Model predictions of the effects of SNHL on across-CF coding of speech envelopes for CFs geometrically centered at 500 Hz. Stimuli: Speech (“A boy fell from the window”), duration: 1.72 s. ρ_ENV is plotted as a function of CF separation for overall envelope [panel (A) 0–300 Hz], syllabic envelope [panel (B) 0–5 Hz], phonemic envelope [panel (C) 5–64 Hz], and periodicity envelope [panel (D) 64–300 Hz]. Each data point represents mean ρ_ENV computed over twenty repetitions. Filled circles: Predictions for NH at BML (40 dB SPL). Filled diamonds: Predictions for NH at the same sound level as the predictions for the impaired cases (65 dB SPL). Open triangles: maximal (21 dB) hearing loss due to OHC damage; Open squares: 30-dB IHC damage. BML for the impaired case was 65 dB SPL. The smallest CF separation (ΔCF in octaves) at which ρ_ENV dropped to 0.7 is shown using arrows and the values are inset.
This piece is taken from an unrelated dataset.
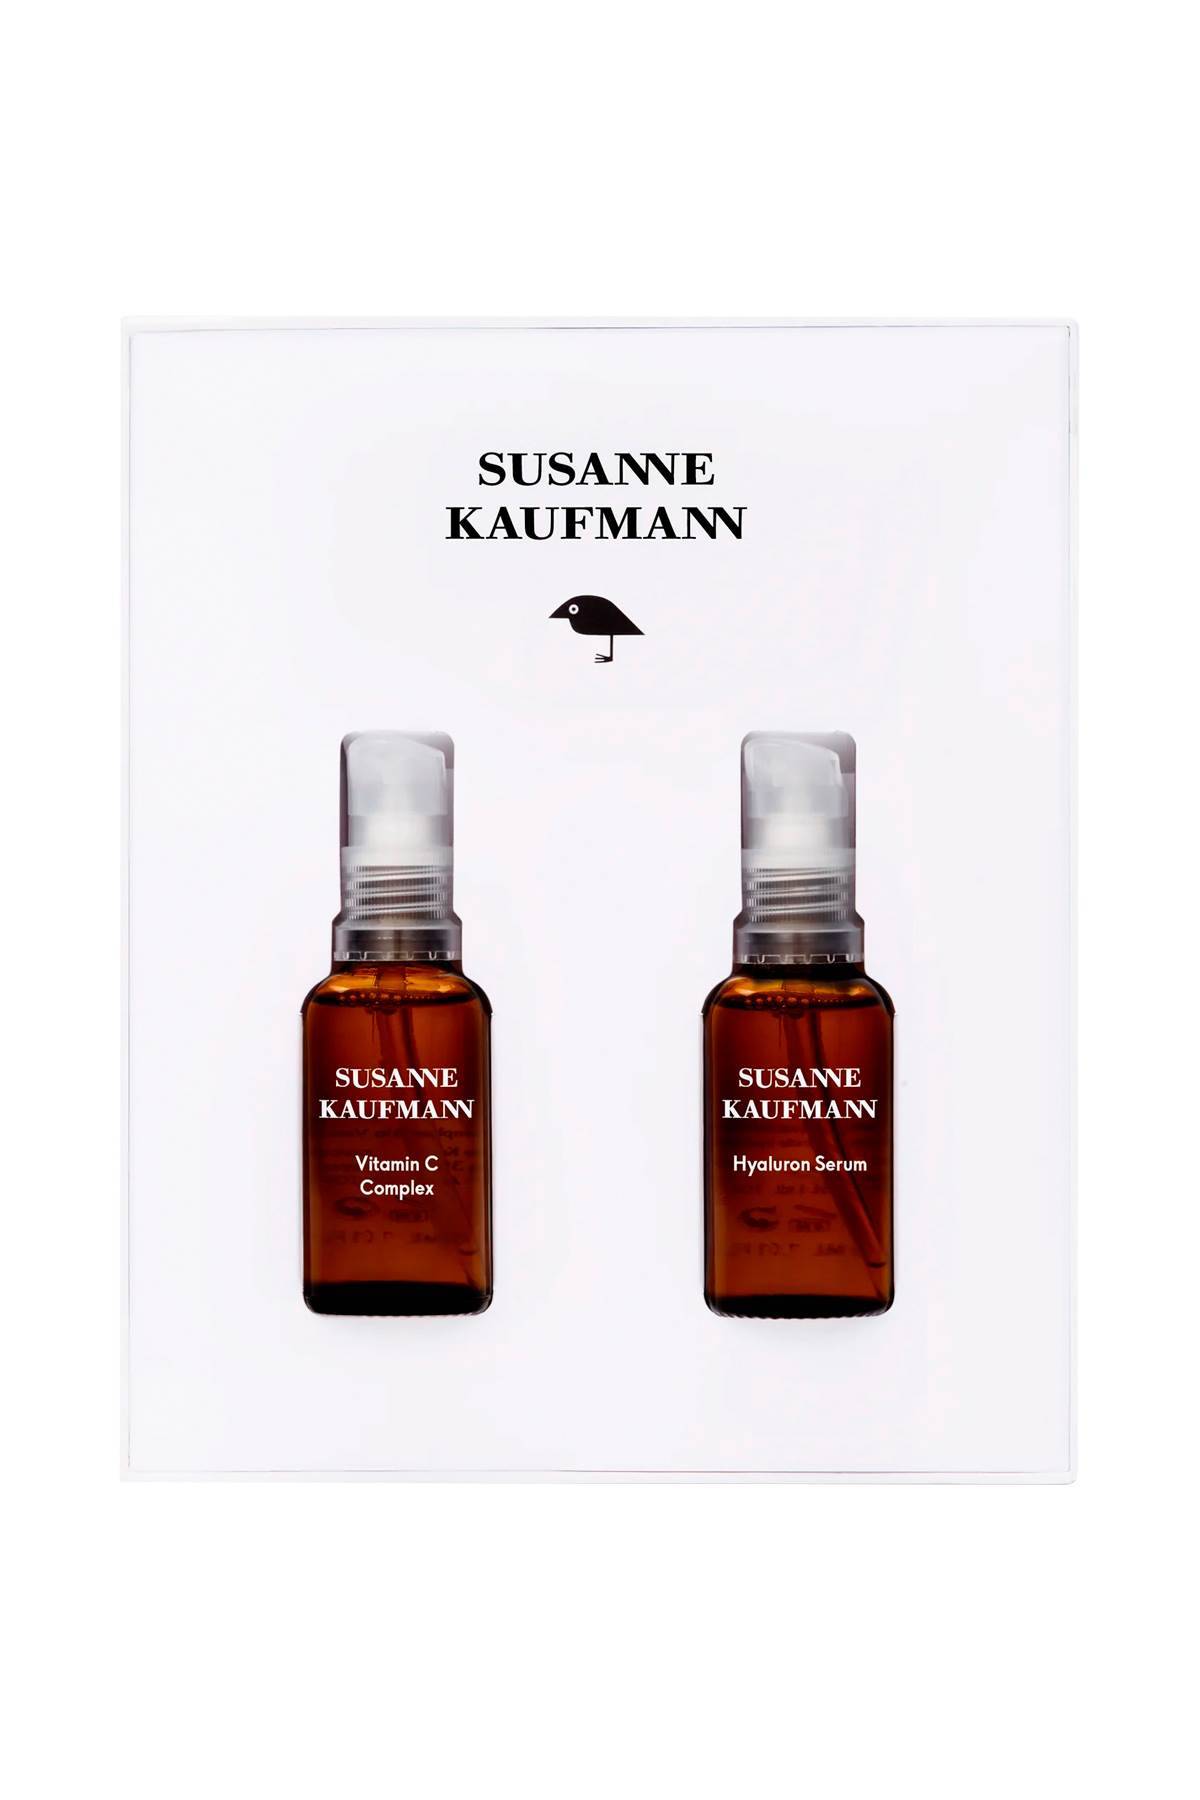 Susanne Kaufmann SUSANNE KAUFMANN signature serums (hyaluron serum, vitamin c complex) - 2x30 ml

The NH value in parenthesis represents the NH prediction for the equal-SPL condition.

Figure 5

Degree of cross correlation (DCC) is plotted as a function of SNR for speech in quiet and in noise for each modulation frequency range. (A) syllabic (0–5 Hz); (B) phonemic (5–64 Hz); (C) periodicity (64–300 Hz). Filled symbols represent predictions for NH and open symbols represent predictions for selective OHC impairment.

Figure 6

DCC as a function of SNR for envelope vocoded speech in quiet and in noise for each modulation frequency range. Figure layout is the same as for Fig. 5.